Damien saw death reaching for him with skeletal hands. Saw the masked man standing above Ezekiel on the stairs, laughing at Damien’s futile struggles. Saw Maria in his mind’s eye, outside and safe, but praying for him. He saw Ezekiel’s flinch moments before he pulled the trigger.

This was a man who had never shot a man before—and who had just realized that pulling a trigger with the certain knowledge of causing another’s death is not easy.

As Ezekiel pulled the trigger, Damien dropped to the stairs.

The shot grazed the stock of the rifle, an inch from Damien’s face.

Splinters of wood stabbed at him. The shot continued down the stairs where the prisoner was rushing upward, knife ready and teeth bared.

Damien saw the man snatched from his feet tumbling downwards, where flames were beginning to fill the doorway.

He looked up, blood dripping into his eyes. Ezekiel was looking down at him in horror, knowing that he had no time to reload the pistol. Damien brought the rifle to bear on his brother, cocked it and settled his finger on the trigger.

He is my brother. The memories he has of our mother cannot be faked. We might not have the same father, and he could be right. Maybe he is the legitimate heir. That is irrelevant. He is still my brother.

The fires of hell were reaching for him as he sighted along the rifle barrel, holding Ezekiel’s life in his hands.

Then he lowered the rifle. Ezekiel gaped at him as Damien slung the rifle over his shoulder and ascended the steps, two at a time.

He cowered away from his brother, but Damien ignored him, passing him and continuing to stride away.

“I will not kill you, Ezekiel. I do not have it in me. Stay there if you want, and the fire will do what I cannot. Or come with me and live.”

He reached the door and looked back. Ezekiel still cowered, his face contorted in hate and fear.

“Just give me the house! Give me the dukedom! You don’t need it. You don’t want it. You live as a hermit. I know. I’ve been spying on you for months. It is wasted on you. It should have been mine!”

“Maybe it should. But it isn’t,” Damien said. “And a new heir will be in the world soon. The line will continue through me.”

“No! You haven’t suffered! If you had, you would understand. I can’t just give up and go back to being a pauper when I should be a duke!”
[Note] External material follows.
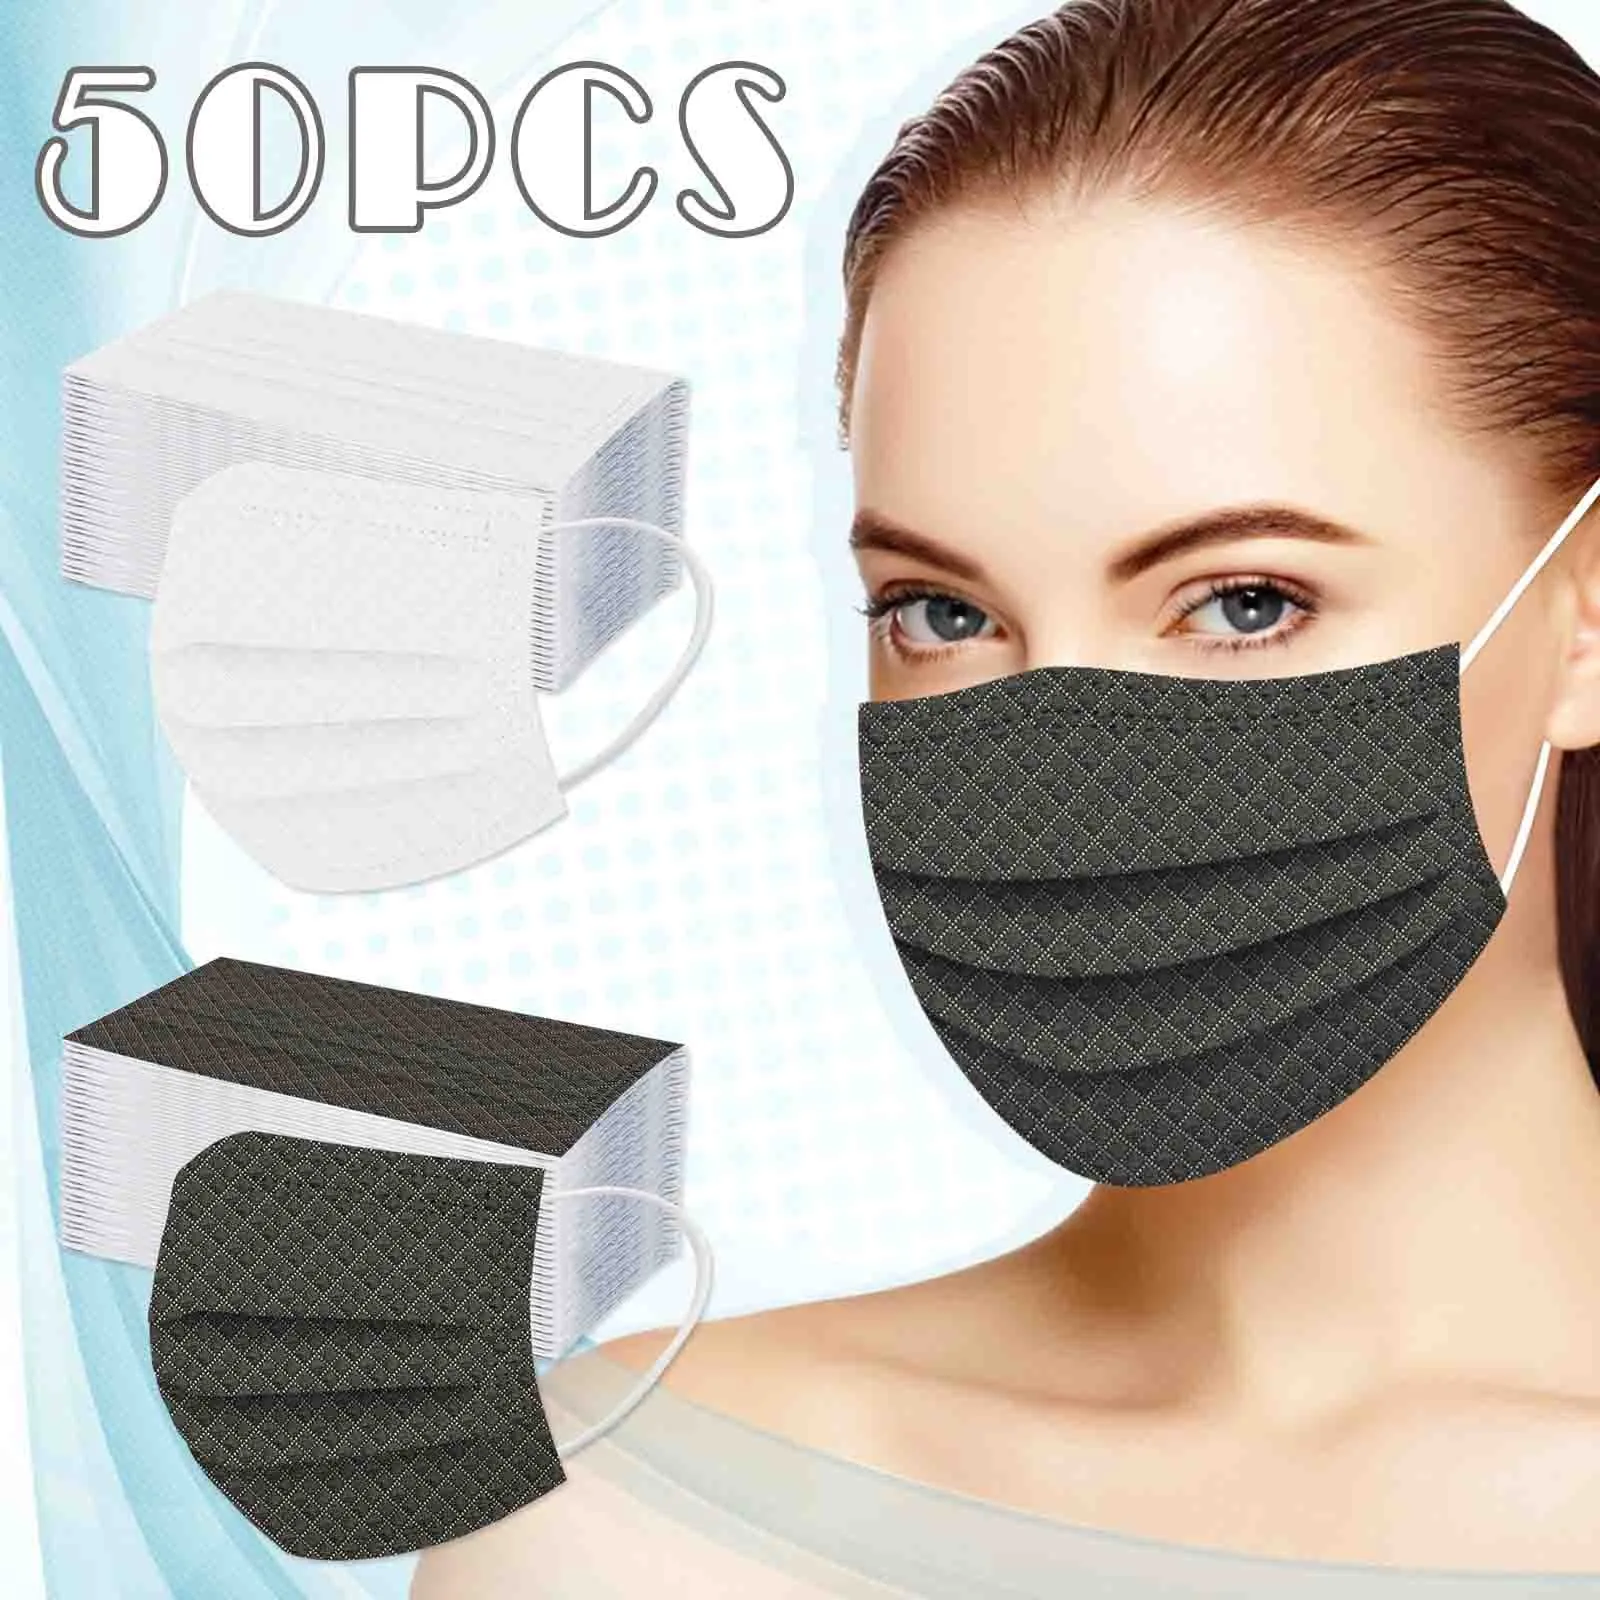 halloween costumes for adults 50pcs Adult Solid Plaid Shade Disposable Face Mask 3 Ply Earloop Masks Halloween Cosplay Маска Для Лица Masque Visage Mascaras all black halloween costumes

He was coughing as he spoke. The wooden stairs were beginning to smolder and smoke. Ezekiel looked down to where the body of his spy lay, wreathed in fire. The knife, long-bladed and deadly, lay a few feet from the bottom of the stairs. Damien saw where Ezekiel was looking and shook his head.

“Do not try it,” he said.

Ezekiel screamed his rage and darted down the staircase, hand outstretched for the knife. Damien didn’t move. Saw him reach it. Saw him take it and turn, running back up the stairs with his weapon, his eyes on Damien. Filled with hate.

The stairs chose that moment to surrender to the fire.

Ezekiel’s fury fled from him as the stairs collapsed beneath him.

Damien saw the look of surprise on his brother’s face.

Then there was nothing but flames. He turned away, closing the door but already feeling the heat through the floor.

The door would not stop the fire for long.

As he ran through the halls of Winterleigh he saw how widespread the fire in the cellar was. Smoke billowed through cracks in the floor and had broken through in several places, tearing hungrily at floorboards, reaching ever higher.